The Chancellor of Justice is a government official found in some northern European countries, broadly responsible for supervising the lawfulness of government actions.

== History ==
In 1713, the Swedish King Charles XII, preoccupied with fighting the Great Northern War, was residing in Bendery and had not set foot in Sweden in over a decade. In order to re-establish the domestic administration, which had fallen into disarray, he instituted the office of His Majesty's Supreme Ombudsman, which soon became the Chancellor of Justice. The office commenced operation on October 23, 1714, and the role of the official was to ensure that judges and public officials acted in accordance with the laws, proficiently discharged their tasks, and if not he could initiate legal proceedings for dereliction of duty. This was the origin of the ombudsman institution in Sweden.

The current name was adopted in 1719, by the Instrument of Government of the same year. The Chancellor acted only on behalf of the royal government. In the Instrument of Government of 1809, a counterpart to act on the behalf of Parliament was instituted as the Parliamentary Ombudsman.

==Duties==
The duties of the Chancellor of Justice may include to:
- be the Government's counsellor in legal matters;
- be the State's representative in trials and other legal disputes;
- receive complaints and claims for damages made against the State and decide on financial compensation for such damages;
- act as ombudsman in the supervision of the authorities and the civil servants, and to take action in cases of abuse;
- ensure that the limits of the freedom of the press and other media are not transgressed and to act as the only public prosecutor in cases regarding offences against the freedom of the press and other media;
- act as the guardian for the protection of privacy.

== Sweden ==

In Sweden, the Chancellor of Justice (Justitiekanslern) is a government official charged with representing the Swedish government in various legal matters as the government's ombudsman. The Chancellor is appointed by the Government of Sweden and serves at the pleasure of the cabinet without belonging to the spoils system, the longest term in office thus far having been 22 years. The present Chancellor of Justice is Thomas Bull, who entered office on March 1 2025.

==Finland==

The Chancellor of Justice of Finland (Oikeuskansleri, Justitiekanslern) is a Finnish government official who supervises authorities' (such as cabinet ministers and other public officials) compliance with the law and advances legal protection for Finnish citizens. The Chancellor investigates complaints against authorities' activities and may also start an investigation on his own initiative. The Chancellor attends cabinet meetings as a non-voting member to ensure that legal procedures and regulations are followed. The Chancellor has wide-ranging powers of oversight, investigation and prosecution.

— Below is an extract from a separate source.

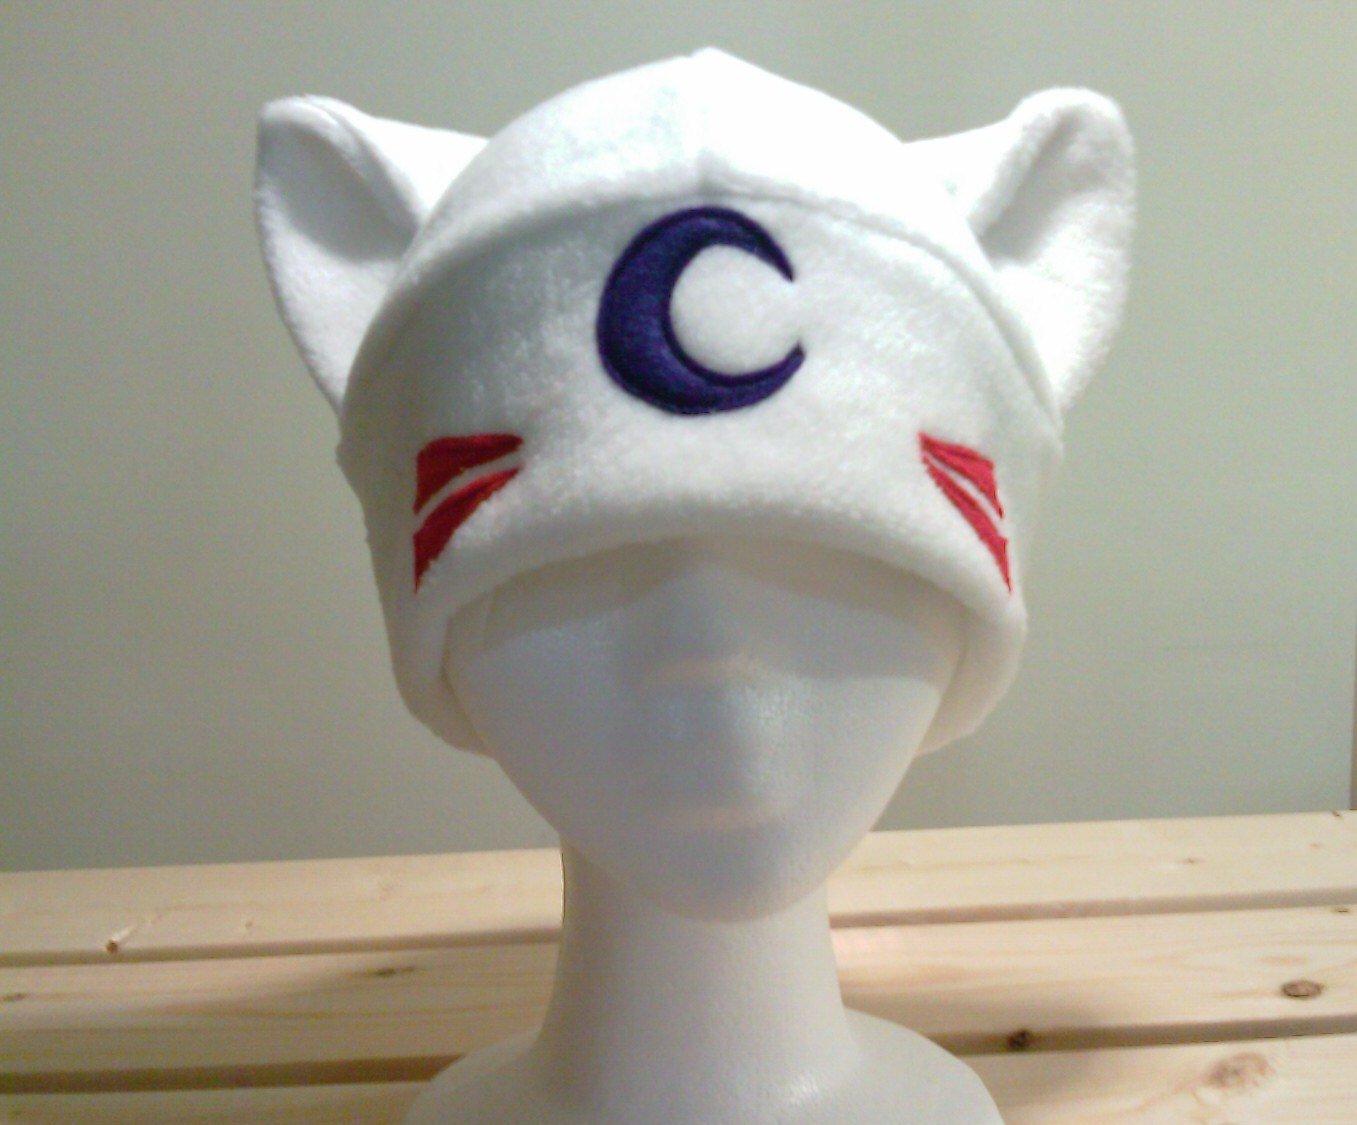 Inuyasha Cosplay - Inuyasha Costume - Inuyasha Hat - Sesshomaru Hat - Dog Ears - Dog Ear Hat - Dog Fleece Hat - Cosplay Hat - Dog Anime hat
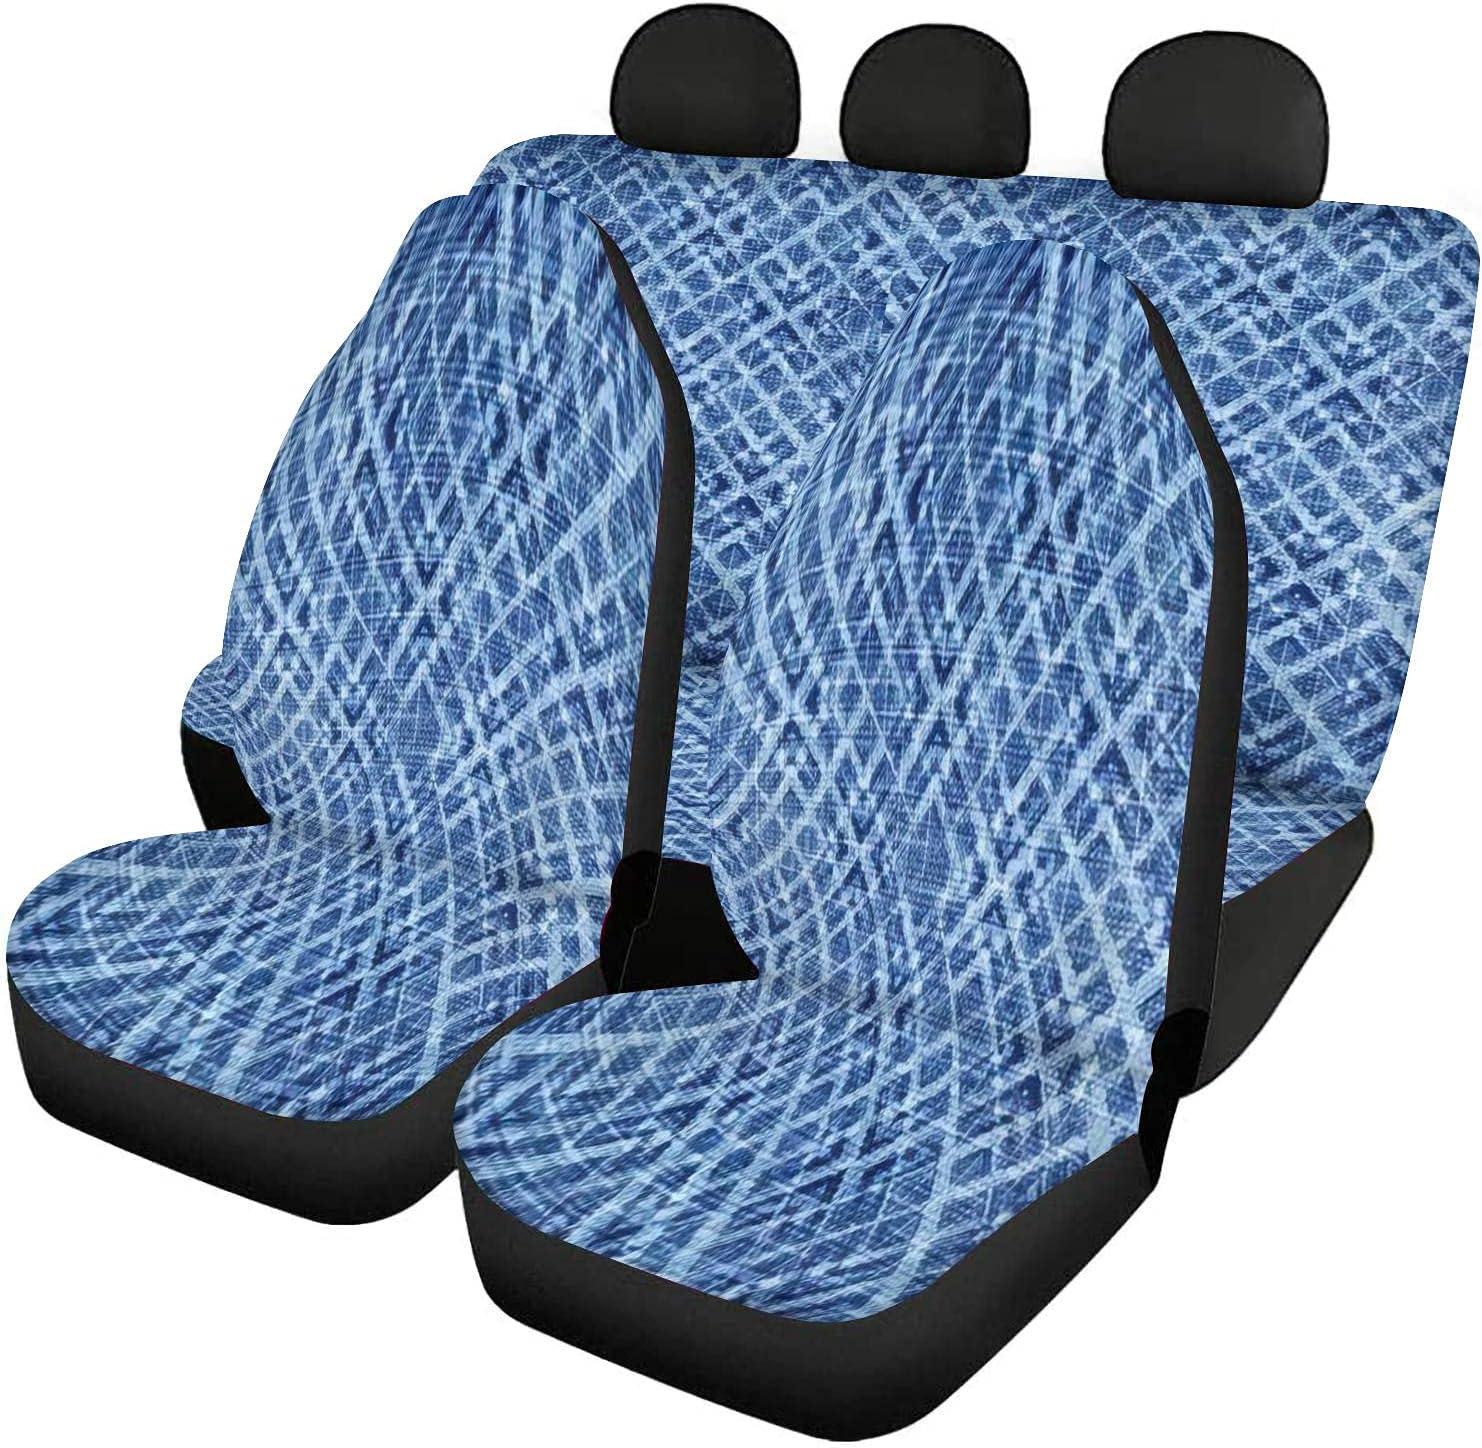 GDSJEGQM Classic Car Seat Covers Ranking TOP3 Full Set - Pattern Indigo Abst Seamless

The Chancellor (and Deputy) is appointed by the President of Finland. The Chancellor is appointed for life, but is required to retire at the age of 68, in line with all other Finnish civil servants. The Chancellor of Justice from 2018 will be Tuomas Pöysti, LL.D., replacing Jaakko Jonkka, LL.D.

== Estonia ==

The Estonian Chancellor of Justice (Õiguskantsler) is an independent supervisor of the basic principles of the Constitution of Estonia and the protector of individual rights. The institution seeks to ensure that authorities fulfil the obligations deriving from the principles of the rule of law and protection of human and social rights, human dignity, freedom, equality and democracy. The Chancellor of Justice is appointed to office by the Riigikogu (parliament) on the proposal of the President for a seven-year term. The Current Chancellor of Justice is Ülle Madise, who has been in office since 2015.